Энн молчала задумавшись. Луна выглянула из-за туч и заиграла на влажной листве, а шпоры трубача и пуговицы на его мундире засверкали, как маленькие звездочки.

Когда они подошли к ограде оксуэллского парка, Джон спросил:

– Хотите пройти через усадьбу, или обойдем кругом?

– Мы можем пройти здесь, тут ближе.

Они вступили в парк, подошли по заросшей травой аллее почти к самому дому, свернули на тропинку, ведущую в деревню, и тут услыхали шум, голоса, громкие восклицания, которые доносились из темного здания, мимо которого проходили.

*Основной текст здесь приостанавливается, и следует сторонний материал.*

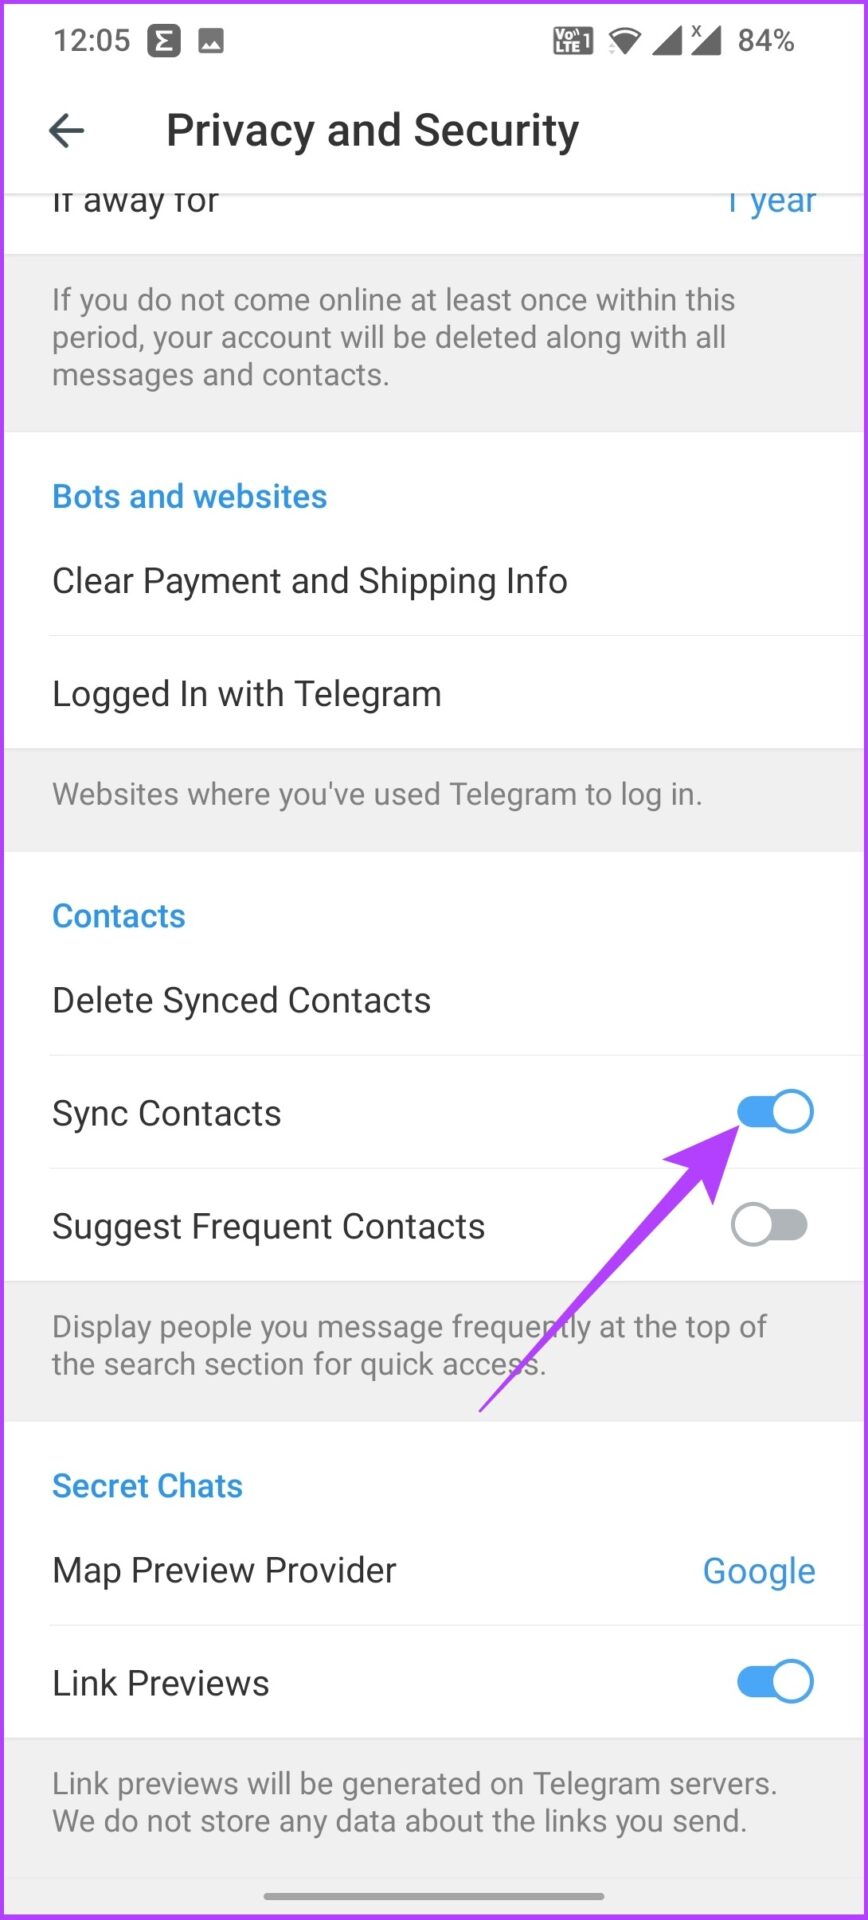 Under Contacts, toggle off the Sync Contact option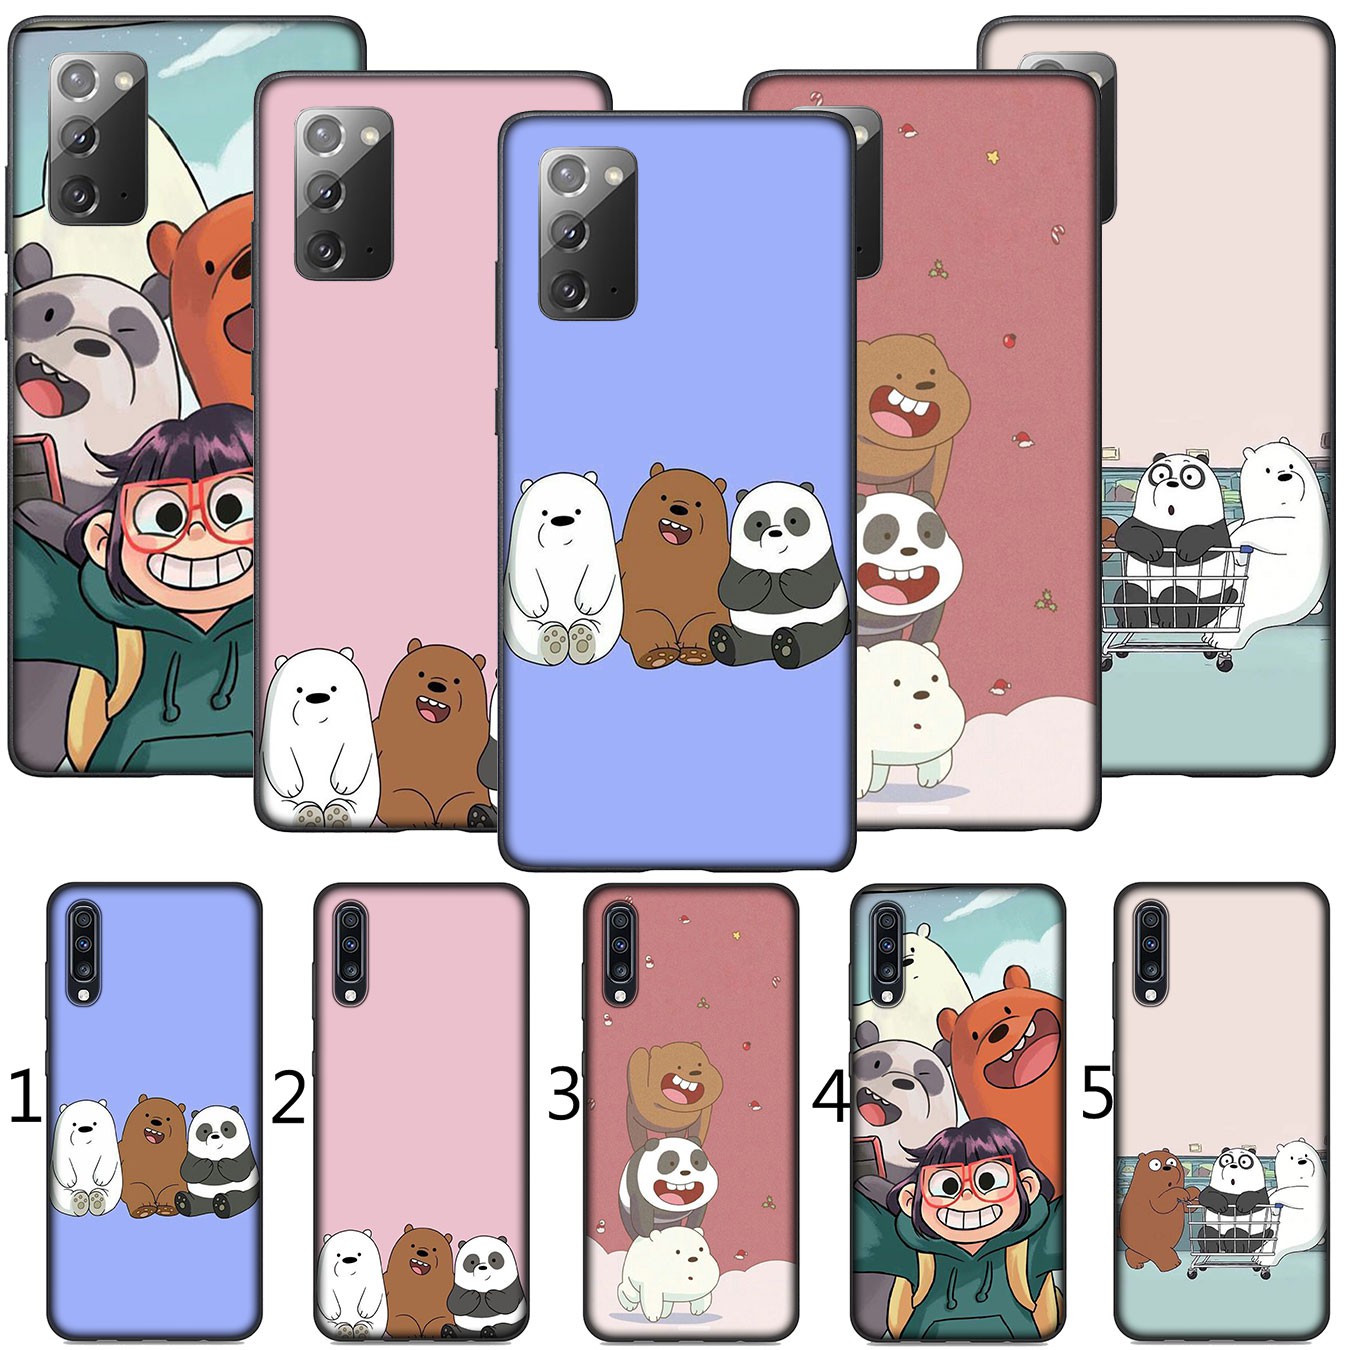 Samsung Galaxy A02S J2 J4 J5 J6 Plus J7 Prime A02 M02 j6+ A42 + Casing Soft Silicone Phone Case H75 We Bare Bears Cover

– Что там такое? – встревожилась Энн.

– Не знаю, – ответил ее спутник. – Пойду посмотрю.

Он обошел высохший, заросший кресс-салатом и сорняками пруд, который служил когда-то рыбным садком, по дренажной трубе переправился через едва заметный, но еще сочившийся ручеек и приблизился к дому. Оттуда несся нестройный шум, и любопытство заставило Джона обогнуть угол дома с той стороны, где окна были расположены ниже, и сквозь щель в ставнях заглянуть внутрь.

Он увидел комнату, в которой всегда обедал хозяин дома и которая по обычаю называлась парадной гостиной; там за столом сидело около дюжины молодых людей в форме территориальной конницы, и среди них – Фестус. Они пили, хохотали, пели, стучали кулаками по столу – словом, веселились вовсю, производя дикий шум. В неплотно прикрытое окно порывами задувал ветер, колыхая пламя свечей, и они оплывали, одеваясь в причудливые струящиеся одежды, словно в саван, и горели коптящим желтым пламенем, тускнея от нагара своих толстых черных фитилей. Один из бражников, видимо, сильно захмелев, заливался пьяными слезами, обхватив за шею соседа. Другой произносил какую-то бессвязную речь, которой никто не слушал. У одних лица побагровели, у других казались желтыми, как воск; одни клевали носом, другие были чрезмерно возбуждены. Только Фестус пребывал в обычном для него состоянии и, сидя во главе стола, огромный, грузный, с выражением довольства и превосходства наблюдал за своими захмелевшими приятелями и, казалось, торжествовал. Джон услышал, как один из пирующих кликнул служанку дядюшки Бенджи – молодую женщину, племянницу Энтони Крипплстроу; в руки ей насильно сунули скрипку и заставили извлекать из этого инструмента какие-то нестройные звуки.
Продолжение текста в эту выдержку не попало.